Professeur de philosophie, Uskudar University.
Professeur invité, Clark University.
En décembre 2023, les négociateurs des pays du monde entier se réuniront aux Émirats arabes unis pour le prochain cycle de négociations internationales sur le climat(1). Alors que ces négociations sont considérées comme essentielles pour obtenir les accords mondiaux nécessaires pour éviter d’atteindre un changement climatique dangereux, la confiance dans le sommet, connu sous le nom de COP28, est au plus bas(2). L’une des raisons tient à la personne qui est aux commandes.
Les Émirats arabes unis ont mis le feu aux poudres en janvier 2023 en annonçant que le sultan Ahmed al Jaber, PDG de l’entreprise publique Abu Dhabi National Oil Company (Adnoc), serait le président désigné du sommet sur le climat, ce qui lui donnerait un large contrôle sur l’ordre du jour de la réunion.

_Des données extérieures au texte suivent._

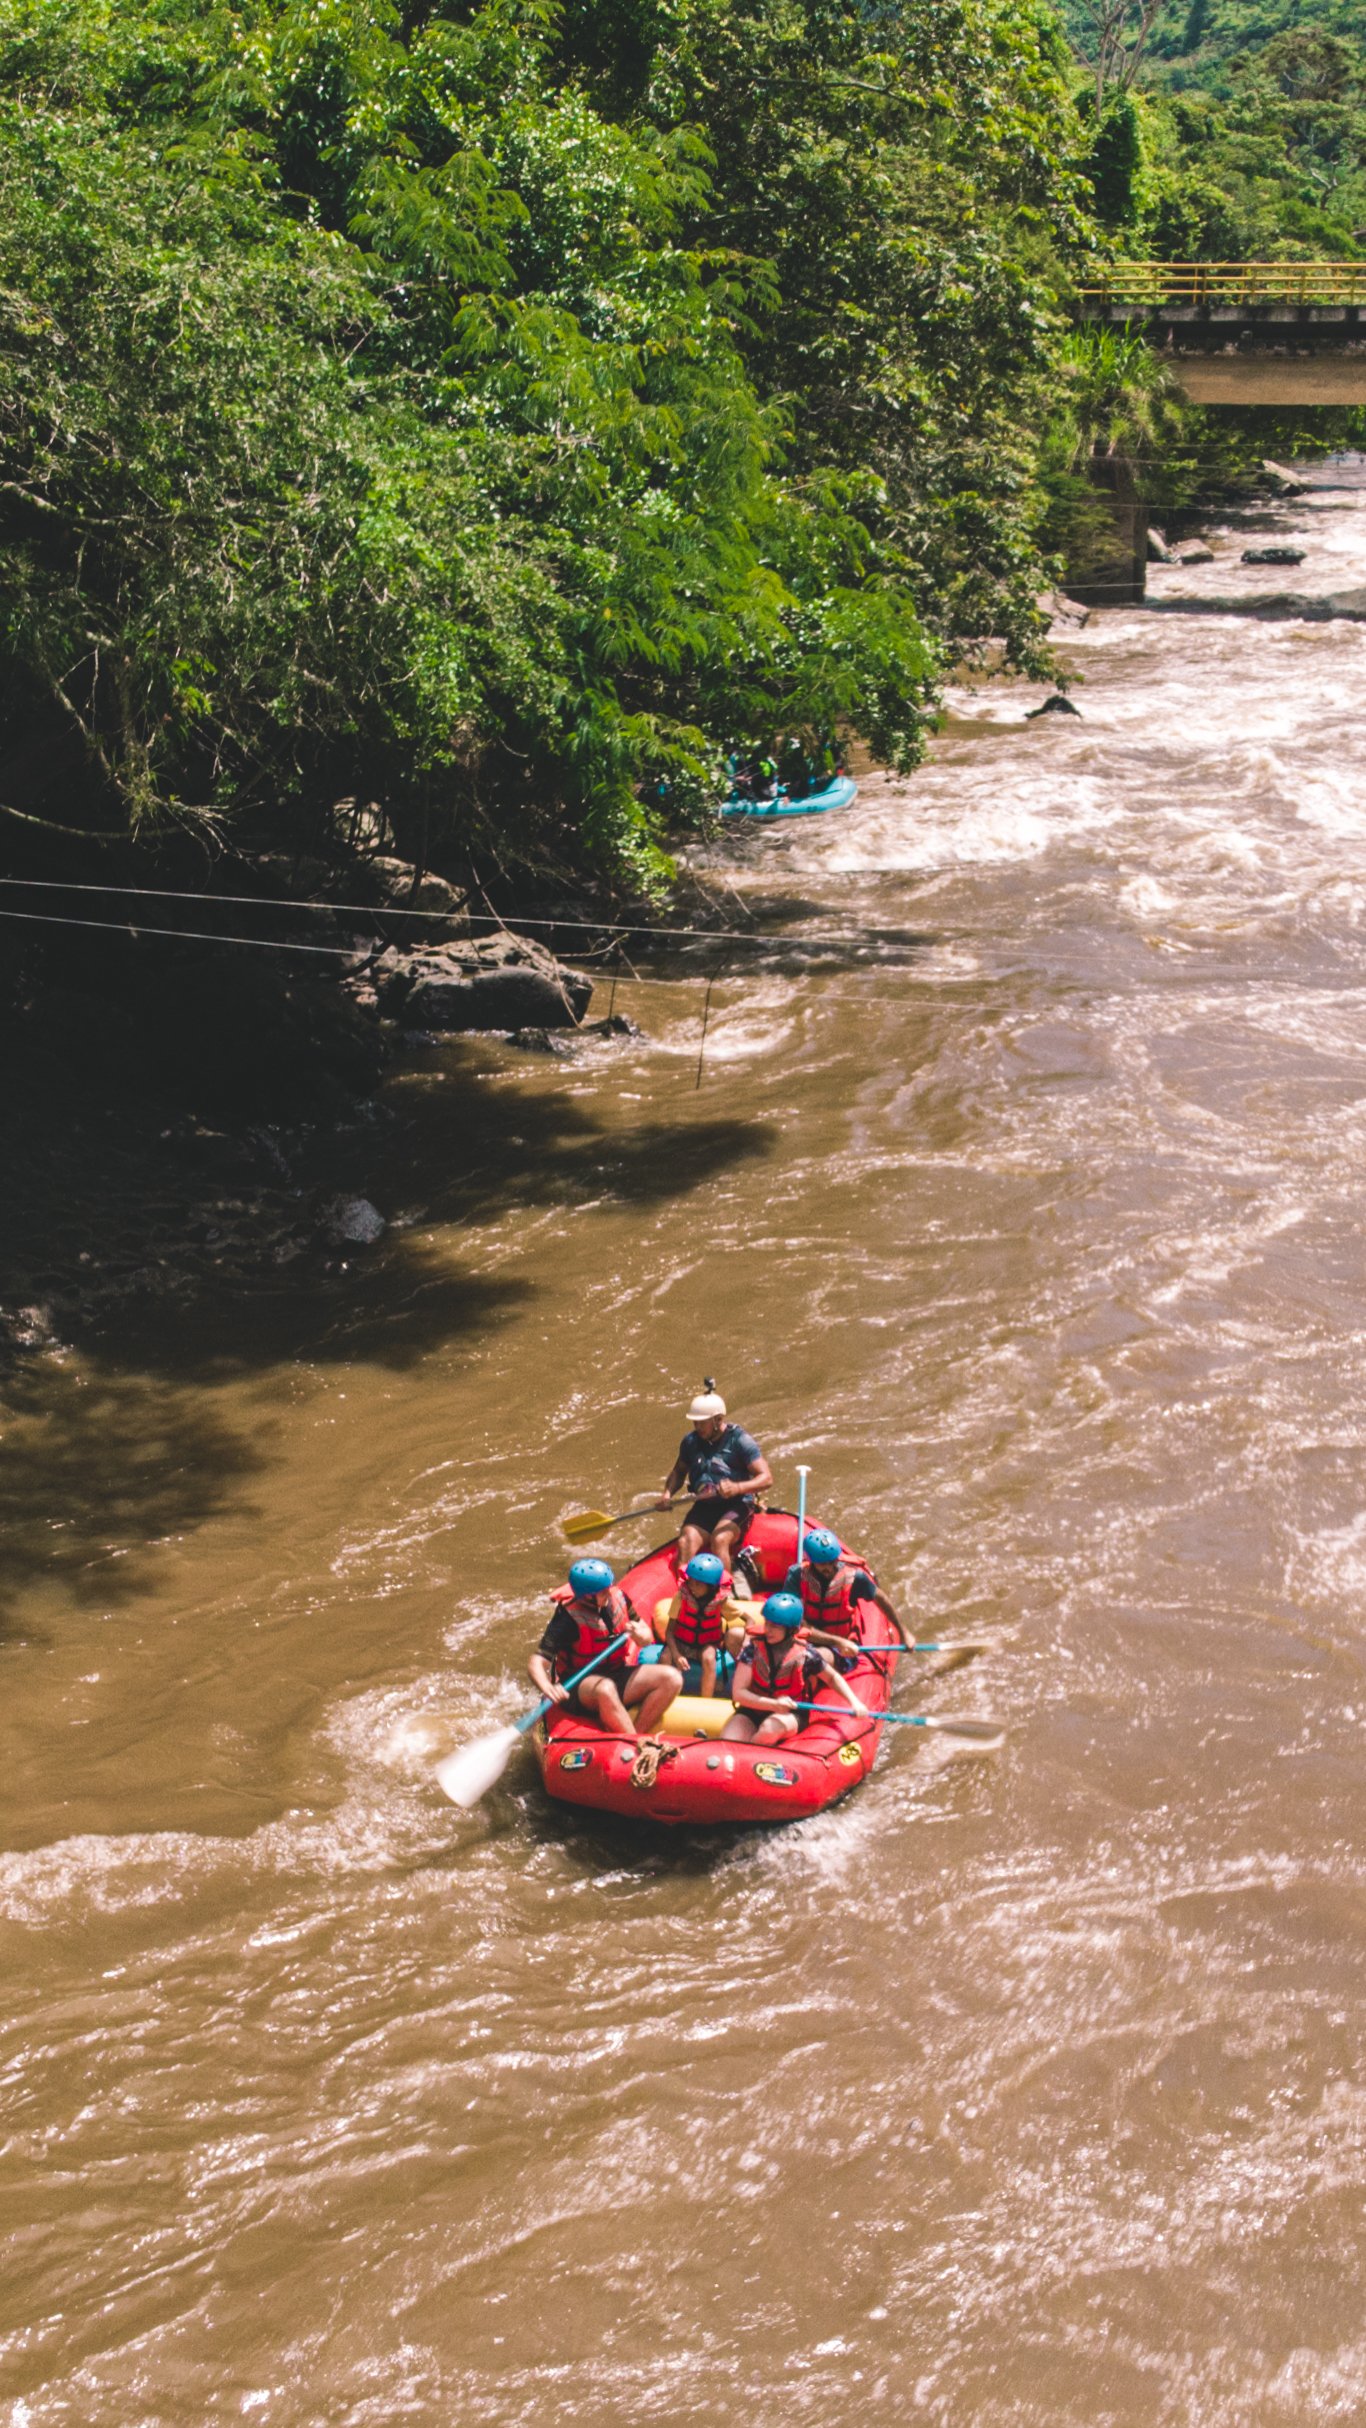 Rafting in San Gil,booking activities to din San Gil, things to do in san gil colombia, what to do in san gil, san gil colombia, adventure in san gil, prices activities in san gil, Macondo Hostel, Macondo Hostel in San Gil, where to stay in San Gil, San Gil hostel,

Des hommes politiques américains et européens ont exigé la démission de M. al-Jaber(3). L’ancien vice-président américain Al Gore a affirmé que les intérêts des industries fossiles avaient « capturé le processus des Nations unies à un degré inquiétant, allant jusqu’à nommer le PDG de l’une des plus grandes compagnies pétrolières du monde à la présidence de la COP28 ».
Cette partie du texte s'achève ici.